David Olive: Here’s why Ford’s F-150 Lightning might be the game-changer for electric vehicles

David Olive: Here’s why Ford’s F-150 Lightning might be the game-changer for electric vehicles
Since its official unveiling last week, Ford Motor Co.’s all-electric F-150 Lightning pickup truck has become one of the global auto industry’s most talked about new-product launches in modern history — a near-match for the company’s introduction of its first Mustang, in 1964.

Several factors account for the unusual amount of buzz generated by the Lightning, which garnered 44,500 advance orders in the first 48 hours after its launch, close to a year before its arrival in showrooms next spring. It also garnered an endorsement from U.S. President Joe Biden, who at the Ford test track in Dearborn, Mich., and commented approvingly on the Lightning’s acceleration.

The Lightning has already won fans among both car buffs and electric-vehicle (EV) advocates. The latter believe that EVs are the planet’s most effective weapon in fighting climate crisis. They’re hoping the Lightning might be the EV that finally quickens the transition to EVs and away from greenhouse-gas belching vehicles powered by traditional internal combustion engines.

Bill Ford, executive chair of Ford Motor, hailed the Lightning as “a watershed moment for our industry.” He also described his pickup truck, a ubiquitous but prosaic fixture of the landscape, as a game-changer that ensures future generations “a cleaner planet.”

That’s a lot to ask of just one vehicle.

But as a potential gateway to roads dominated by EVs, the F-150 is in a class by itself. It has been the bestselling vehicle of any kind in both Canada and the U.S. for several decades. There are an estimated 17 million traditional F-150s on the road today, an immense “installed base” of users familiar with the vehicle.

Dating from the first Prius gas-electric hybrid car, launched in 1997, EVs have suffered an image as specialty items for eco-zealots and first adopters.

That accounts for EVs’ meagre 2.5 per cent share of vehicles on the road globally. There are other factors, to be sure, chief among is a fear of running out of juice on a road to nowhere, a phenomenon called “range anxiety.”

However, the North American market is likely to be receptive to an EV if it’s a pickup truck, given the enormous popularity of pickups — and the F-150 in particular — here.

Canada is already a leader in EV adaption. Zero-emission vehicle registrations rose to 3.5 per cent of the total last year, according to Statistics Canada. B.C. leads the country, with EVs accounting for a whopping 8.4 per cent of new vehicle registrations in 2020.

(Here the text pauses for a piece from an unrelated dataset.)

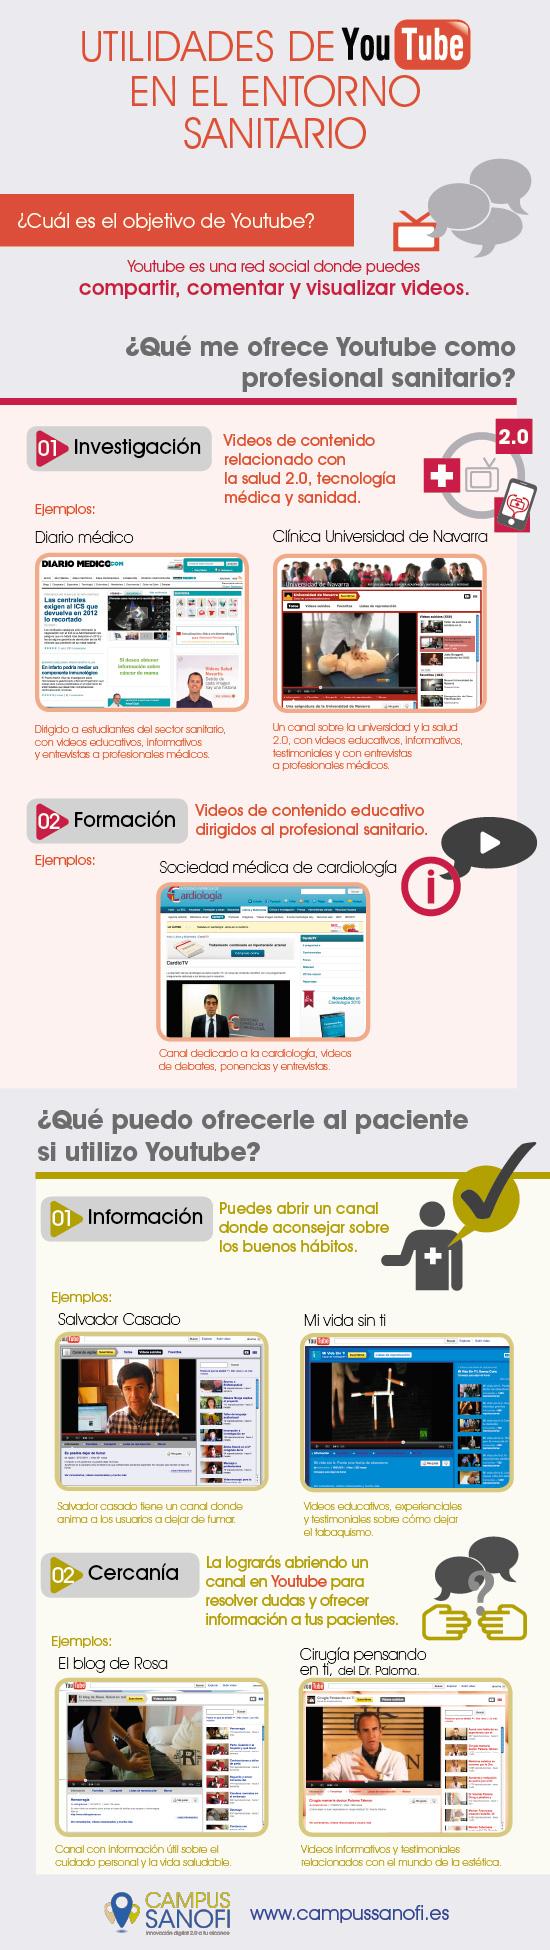 Uso de Youtube en Salud (Infografía) | Campus Sanofi
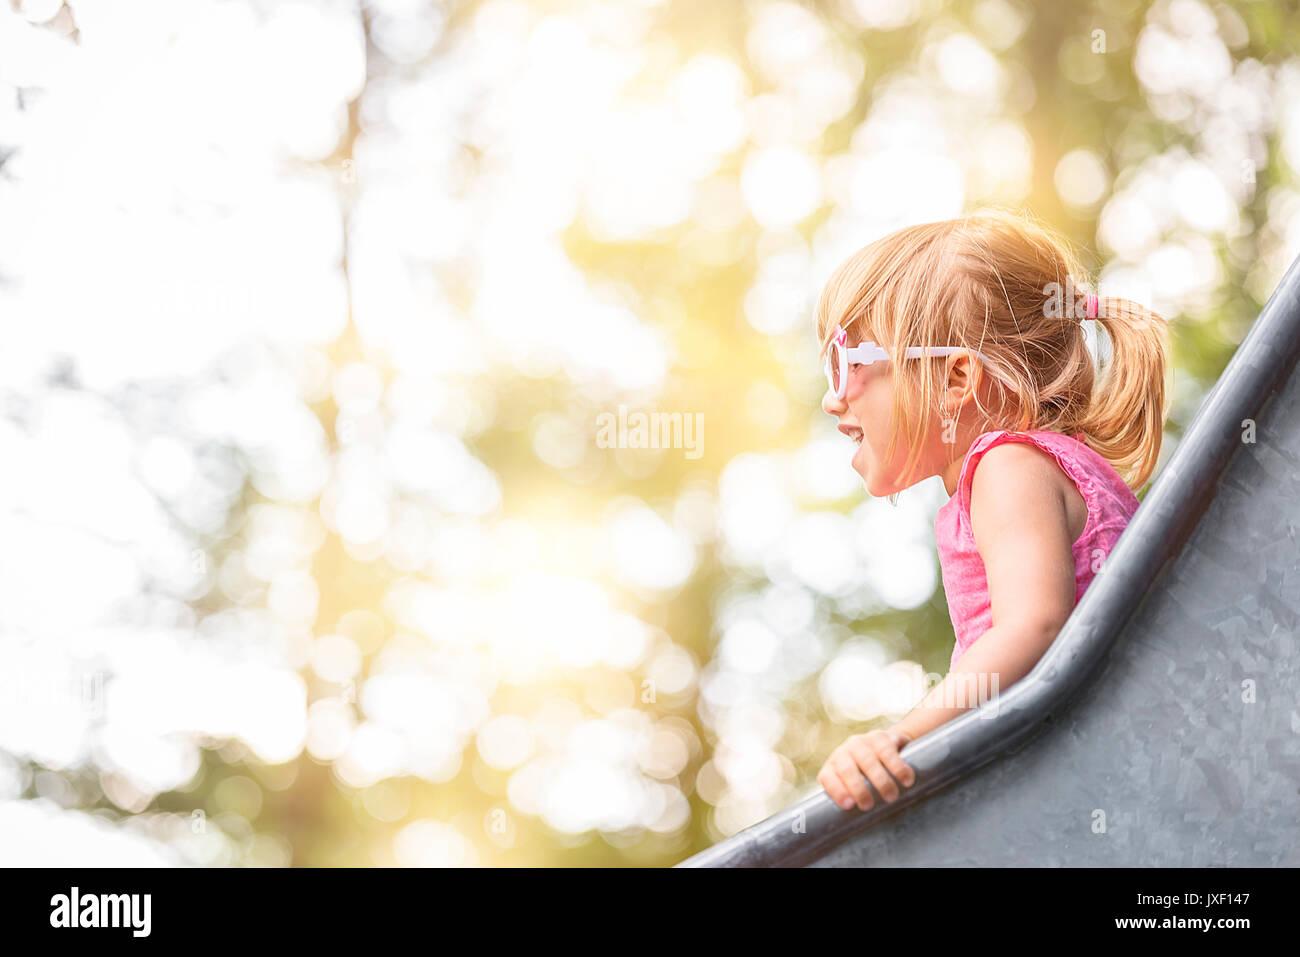 Imagen cercana con una niña divirtiéndose en una diapositiva de un parque, en un día soleado. Imagen De Stock

A March survey by KPMG found that nearly seven in 10 Canadians intend to make their next vehicle purchase an EV.

What makes the Lightning a potential game-changer is that its traditional internal-combustion stablemate has long been the chief means of getting around in the North American heartland.

A rather surprising number of hulking F-150s can be seen in the GTA, where a pickup’s cargo and towing capacity would seem to be of limited use.

In Middle America and Western Canada, though, pickups are deeply embedded in the culture, in cities and countryside alike. As a showcase for EV capability, the familiar F-150 might be the industry’s best shot at convincing some of the continent’s most change-averse motorists to finally give EVs serious consideration.

Just to be sure of that, the Lightning is priced for the mass market, with a base-model sticker price of just under $40,000 (U.S.). And that’s before government EV subsidies.

By comparison, the rival Tesla Cybertruck and the Rivian R1T, also not yet in showrooms, have base-model prices of just under $50,000 (U.S.) and $70,000 (U.S.), respectively. These are tentative prices that will likely change when the vehicles go into production.

Alas, only the upgraded Lightning XLT model will be available in Canada, priced at $68,000 (Canadian), again before government rebates.

Mind you, the XLT, with its extended-range battery, can power a house for three days in an emergency, or as long as 10 days with rationing. That feature, which has excited car fans more than any other, has caused the Lightning to be described as the “first dystopian car” of the century, for motorists with an “end times” mentality.



Some remember the Texas blackout in February that left about 4.5 million homes and businesses without power for five days. Then earlier this month a case for EVs was made again by the ransomware cyberattack on the Colonial Pipeline, the U.S.’s largest pipeline system for refined oil products. The resulting gasoline shortages affected motorists in 17 states and Washington, D.C.

To boost its prospects for success, Ford has chosen two of its iconic models to spearhead its $27-billion commitment to an entire fleet of clean-energy models.

The Dearborn-based company has unveiled three EVs this year: the F-150, the Mustang Mach-E and a new E-Transit cargo van for commercial use.

Ford has hedged its bets with a Lightning of the same dimensions as the traditional F-150, so that the thousands of aftermarket products for traditional F-150s work with the Lightning as well. What’s more, each Lightning purchase comes with a charging station that fully charges the vehicle in about eight hours. These devices are DC fast-charger compatible, so that owners can boost the charge from, say, 15 per cent to 80 per cent in about 40 minutes.